Unknown evaluation metric

Hi,

Throughout Crunch 1 and Crunch 2, there have been various discussions and changes regarding the evaluation metrics (MSE vs Pearson vs Spearman). However, it remains unclear which metrics will be used. There are also concerns that the current metrics may not align with state-of-the-art metrics referenced in recent literature (cell-wise vs gene-wise correlation).

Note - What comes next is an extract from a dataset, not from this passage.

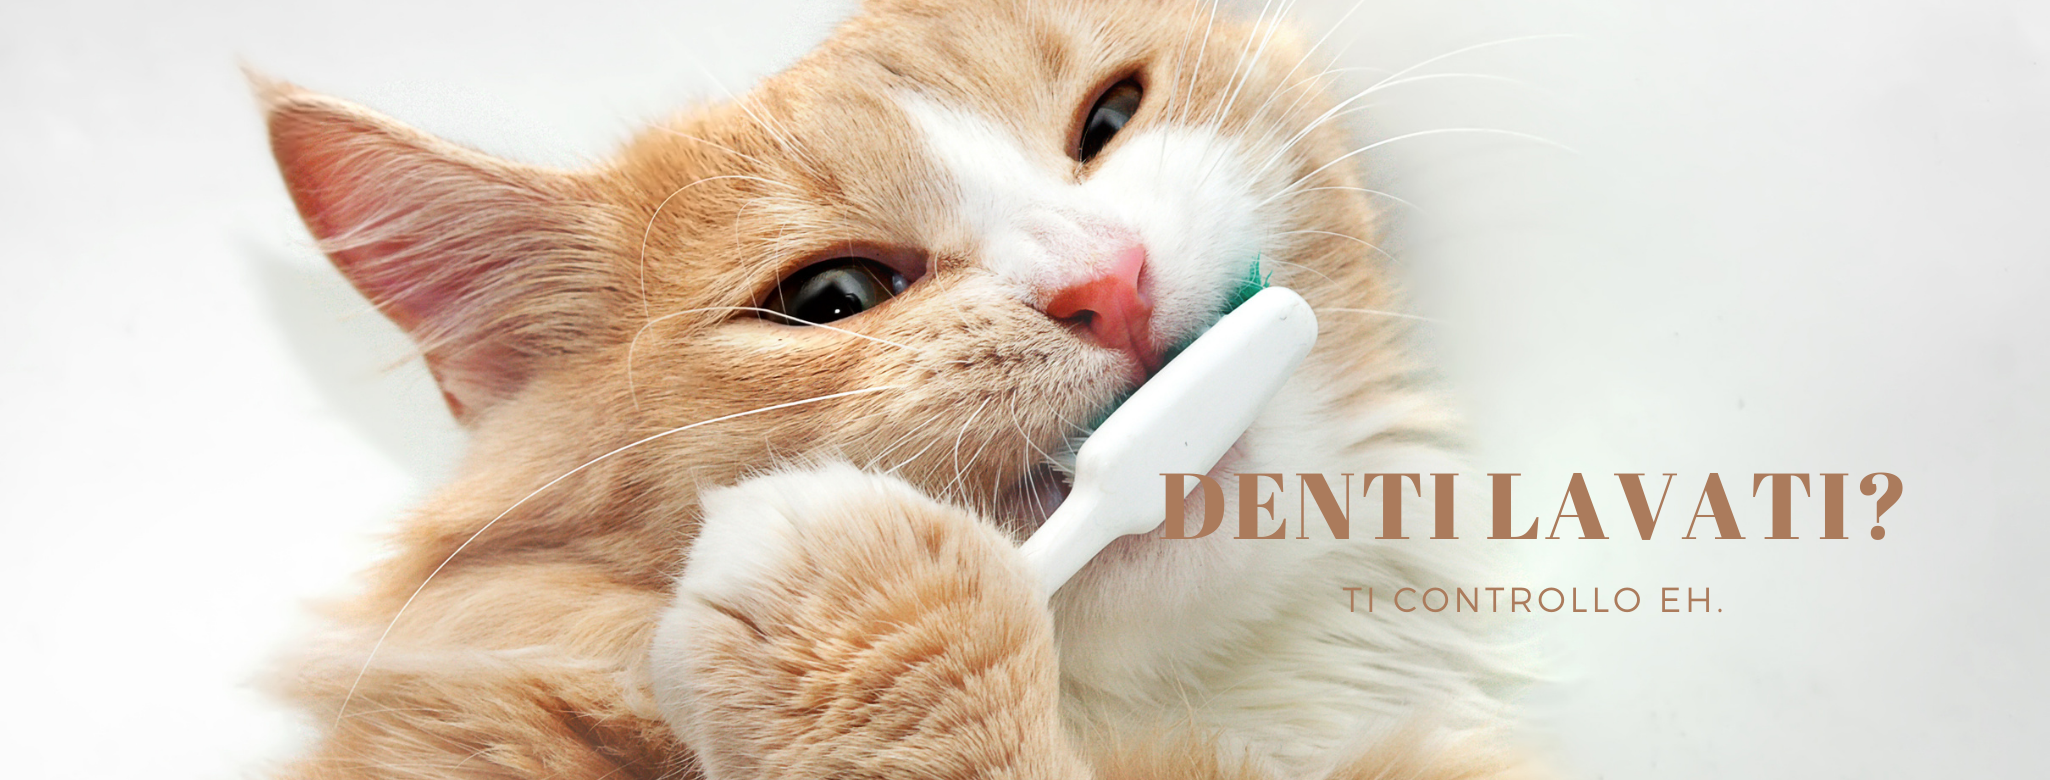 Foto di gatto tigrato rosso e bianco con uno spazzolino da denti in bocca, con scritta che dice: "Denti lavati? Ti controllo eh."
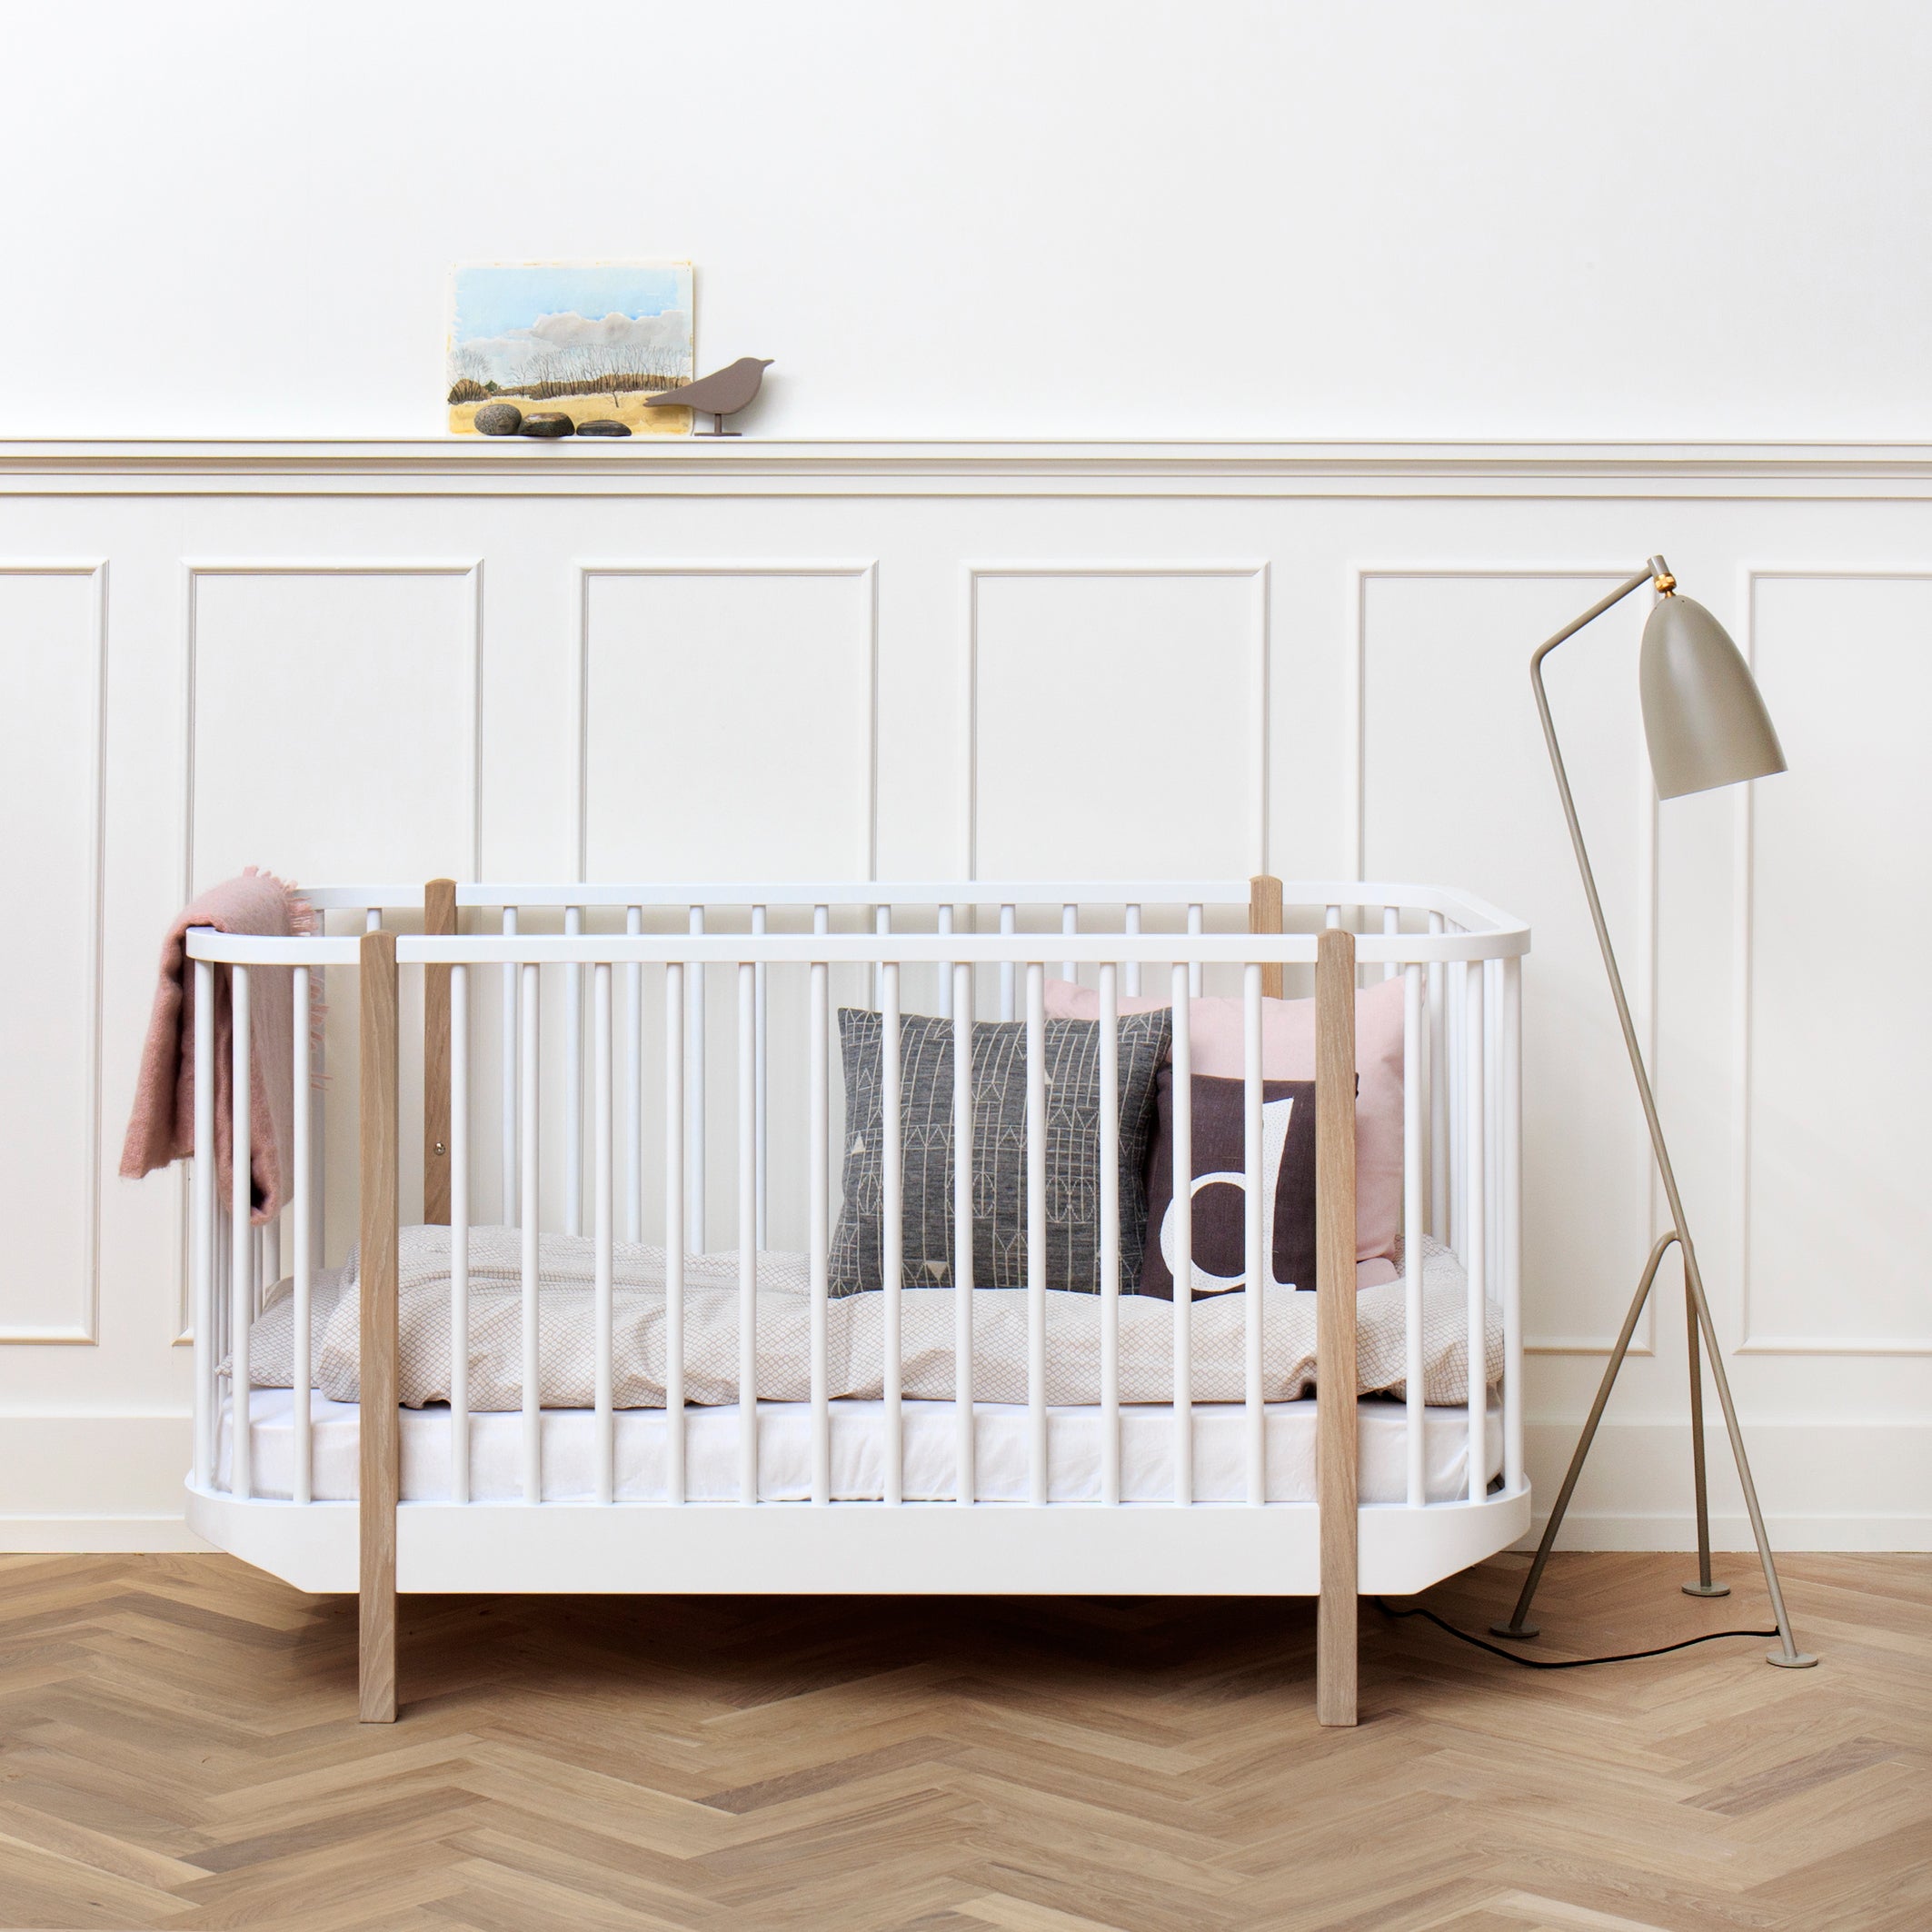 Oliver Furniture Wood 嬰兒床 白色配橡木色

It is challenging to optimize models effectively without a clear understanding of the challenge objectives. Could you kindly provide more details on the evaluation metrics soon?

Thank you!

  1. Is the MSE the right metric for benchmark? - #9 by many-kalin

  2. Re-apply normalization - #5 by many-kalin

  3. Is Spearman's rank correlation the right metric for benchmarking? - #3 by soviet-manfred

1 Like

@enzo @cruncher-abde Would it be possible to add the Spearman computed gene-wise to the leaderboard as a side column just to look at it while we are waiting for decision? It requires a small tweak in the code and anyway the metrics are not decided yet. Maybe it will be even helpful for the final decision.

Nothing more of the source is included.